L'initiative populaire "Pour des primes plus basses - Frein aux coûts de la santé (Frein aux coûts-Initiative)" demande l'introduction d'un frein aux coûts dans l'assurance obligatoire des soins. obligatoire assurance obligatoire des soins (AOS). Le Conseil fédéral reconnaît la
de la maîtrise des coûts.Il rejette cependant l'initiative, car l'exigence d'un financement exclusif par l'assurance-maladie n'est pas suffisante.Le lien exclusif entre les mesures et l'évolution de l'économie n'a pas été retenu.- l'évolution des salaires.n'est pas suffisant.
Il oppose à l'initiative un contre-projet indirect.à l'encontre de cette proposition : Le Conseil fédéral et les cantons doivent ae se baser sur les besoins médicaux fixer un pourcentage pour l'augmentation maximale des coûts de l'AOS par rapport à l'année précédente. par rapport à l'année précédente (objectif de coûts). Si les objectifs de coûts ne sont pas respectés, lesles cantons et le Conseil fédéral examinent s'il y a lieu de prendre des mesures de correction des coûts.n de l'évolutionde l'évolution de la situation. Les instruments existants sont complétés de manière ciblée. complétés.
Magasin
Pour des primes plus basses. Frein aux coûts de la santé (initiative sur le frein aux coûts)" et au contre-projet indirect (modification de la loi fédérale sur l'assurance-maladie)(21.067)
Situation actuelle
Le 14 mars 2023, le Conseil des Etats, en tant que deuxième conseil, entre en matière sur le projet par 23 voix contre 19. La discussion détaillée porte d'abord sur l'art. 32, où le Conseil national a ajouté un alinéa 3. Selon lui, l'autorité doit agir lorsqu'il est constaté que les critères de l'EAE - économicité, adéquation, efficacité - ne sont plus remplis.

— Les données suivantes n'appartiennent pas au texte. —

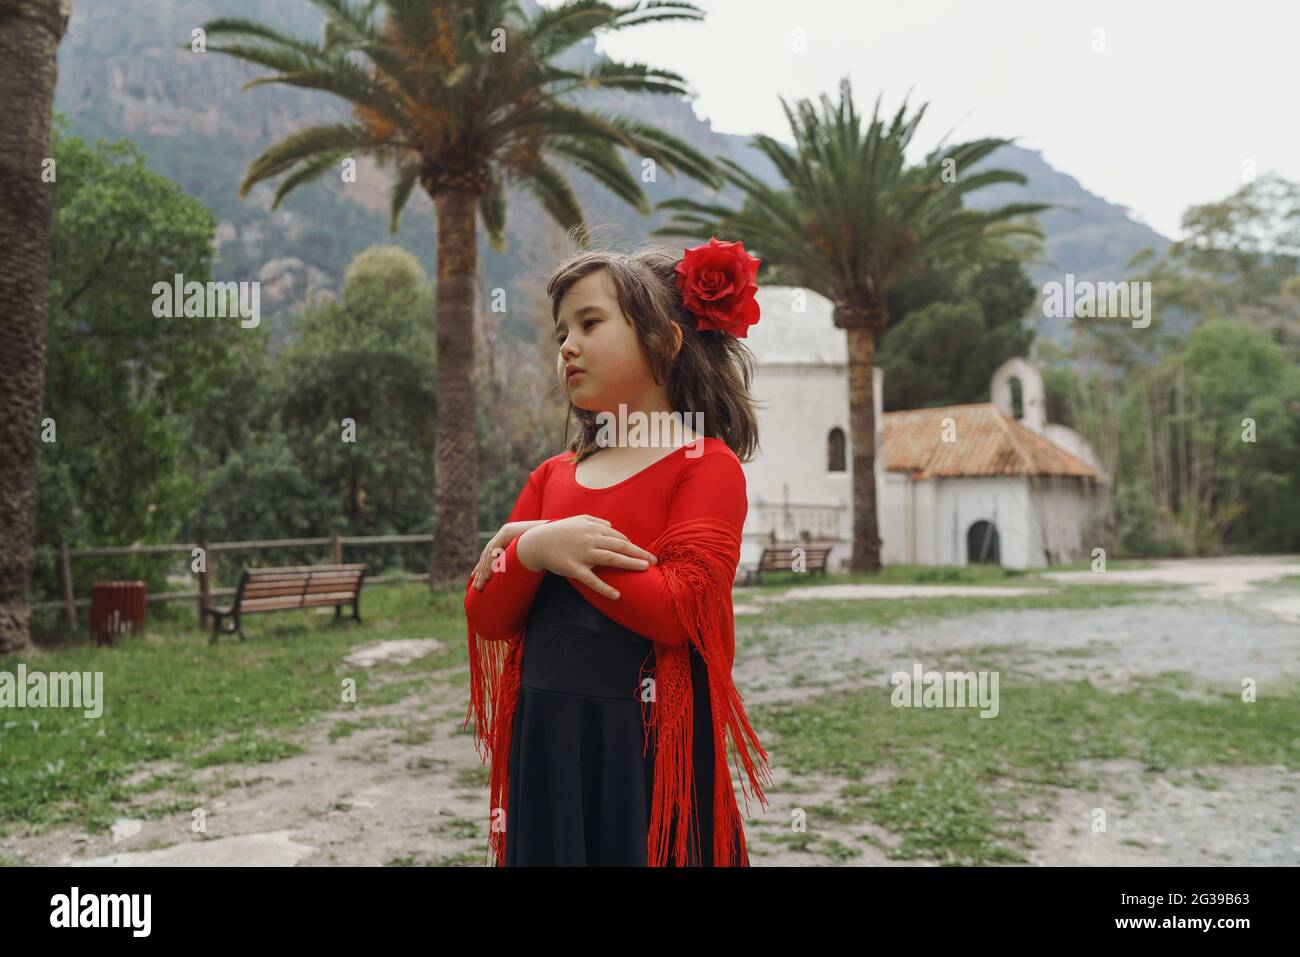 Little girl standing in the garden in Spanish dress Stock Photo

Le Conseil national demande également une procédure basée sur les preuves, puis une procédure d'évaluation, ce qui fait également référence aux Health Technology Assessments (HTA). La minorité Hegglin (centre/ZG) reprend la version du Conseil national et la complète par un concept détaillé.

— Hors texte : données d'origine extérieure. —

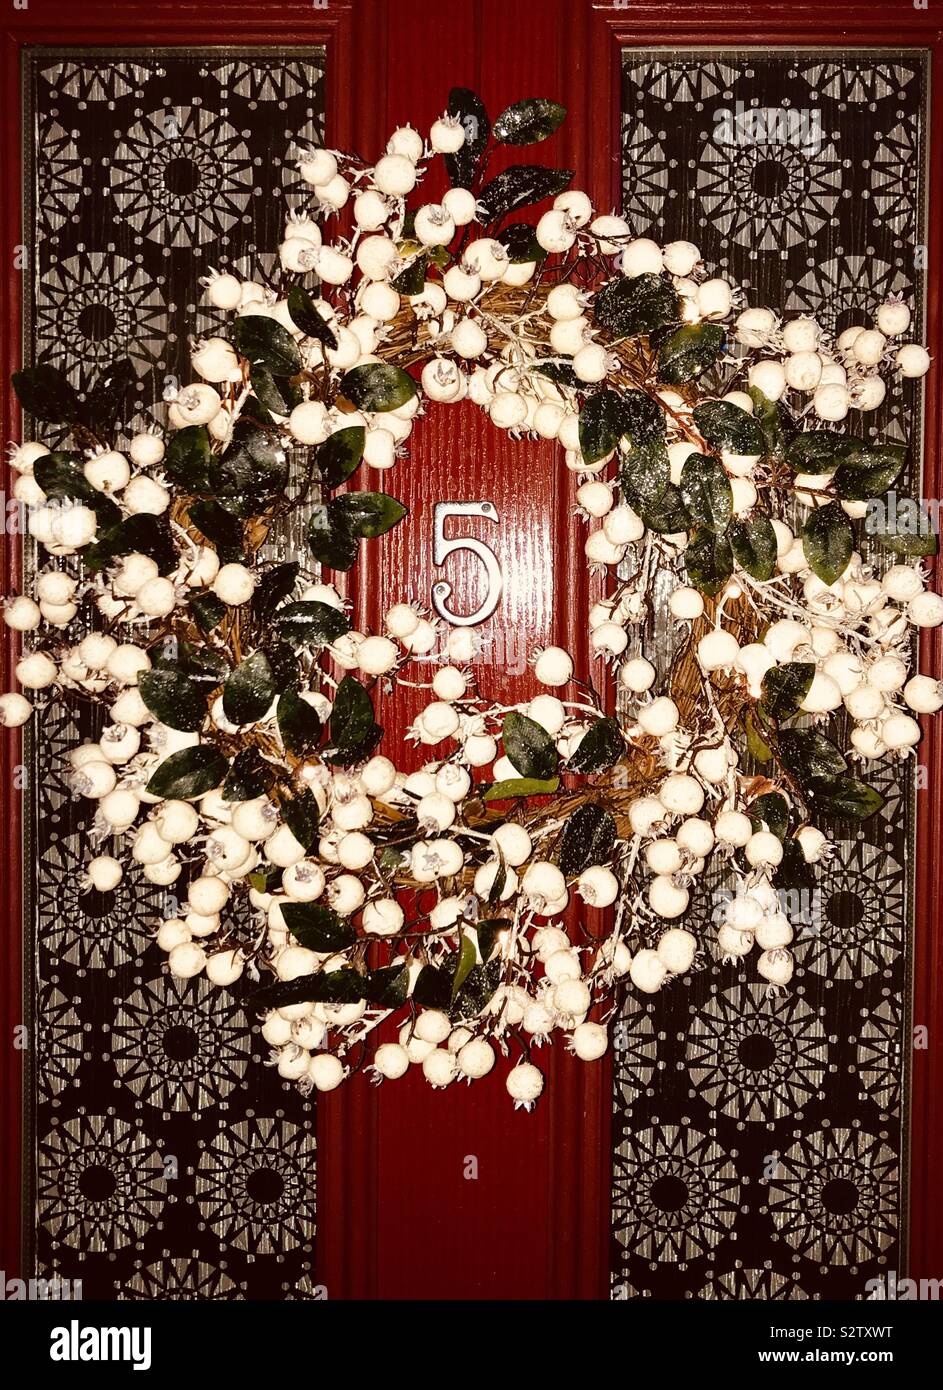 Berry wreath on red front door Stock Photo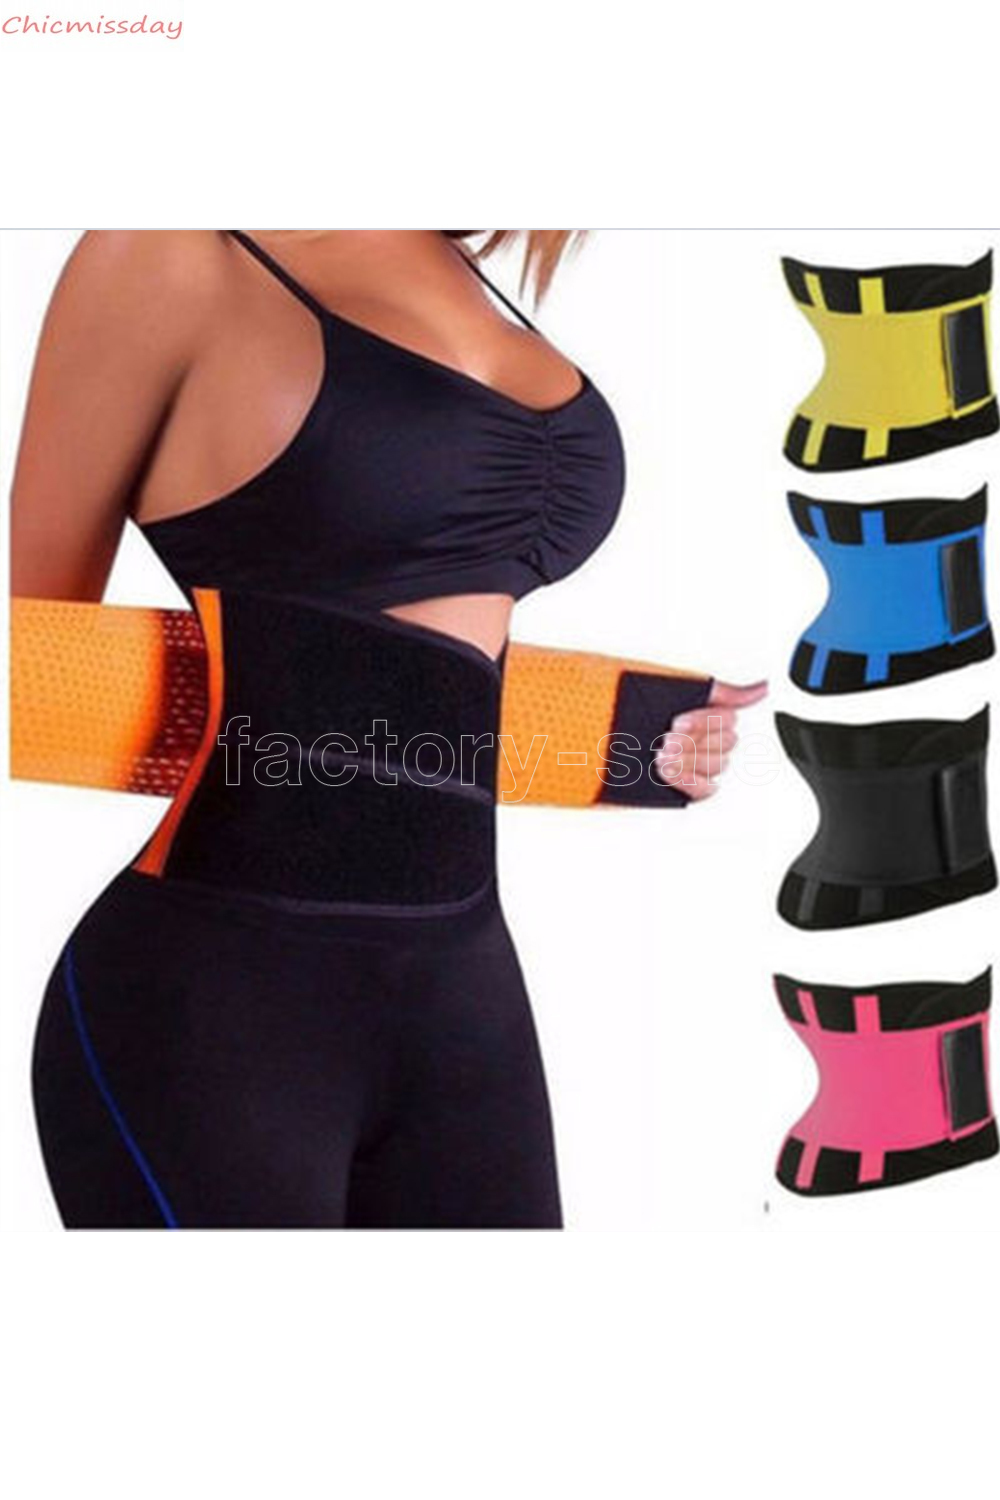 

Plus Size Body Shaper Waist Trainer Belt Women Postpartum Belly Slimming Underwear Modeling Strap Shapewear Tummy Fitness Corset FY8052, Yellow

Le Contrôle fédéral des finances a constaté dans un rapport de mars 2022 qu'il fallait agir en matière de contrôle d'efficacité et que ses recommandations, formulées dès 2014, n'étaient pas encore mises en œuvre.
La majorité de la commission (CSSS-E) estime que l'ajout à l'art. 32, al. 3, est inutile. L'OFSP a assuré qu'ils avaient déjà concrétisé les critères EAE et qu'ils les appliqueraient. Le Conseil fédéral est également de cet avis. La proposition de la minorité est adoptée par 32 voix contre 18. Concernant les tarifs, la majorité souhaite que les autorités fédérales et cantonales n'obtiennent pas de compétences subsidiaires supplémentaires (art. 46a, art. 49, al. 2bis).

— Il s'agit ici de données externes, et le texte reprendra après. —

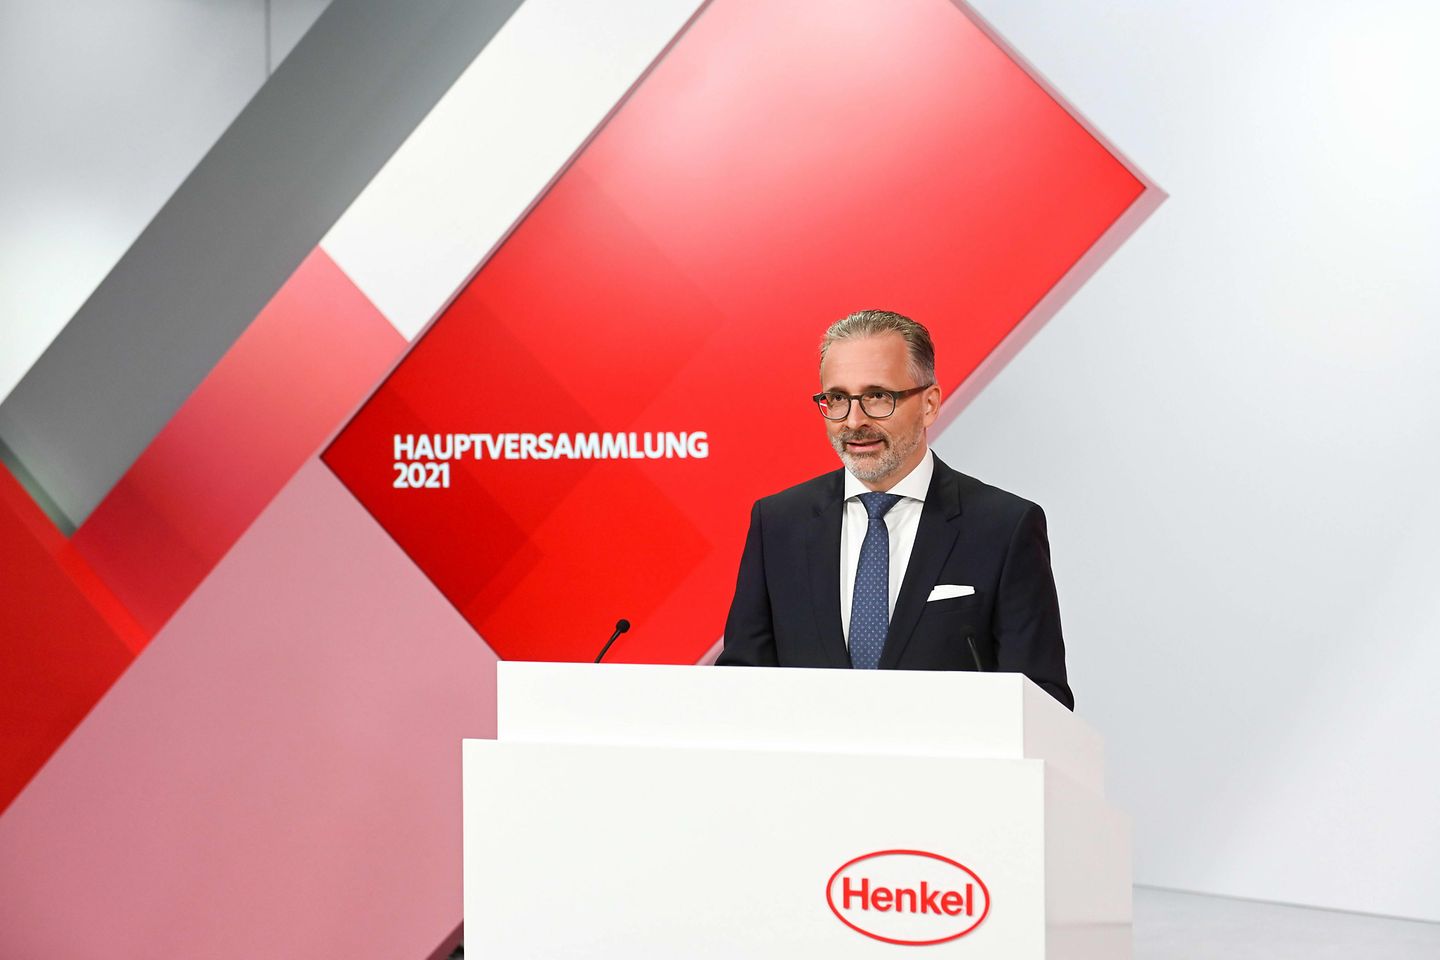 

Henkel CEO Carsten Knobel

La minorité Hegglin (centre/ZG) souhaite suivre le Conseil national et le Conseil fédéral. La proposition de la minorité est adoptée par 22 voix contre 18. Les objectifs de coûts (art. 54) sont considérés comme le véritable noyau du projet : le Conseil fédéral prévoit des objectifs de coûts, la minorité Müller (PLR/LU) souhaite les supprimer. La minorité est rejetée par 24 voix contre 16. Au vote global, le projet est adopté par 23 voix contre 17.
Perspectives
La CSSS-N se penchera sur ces divergences les 23 et 24 mars.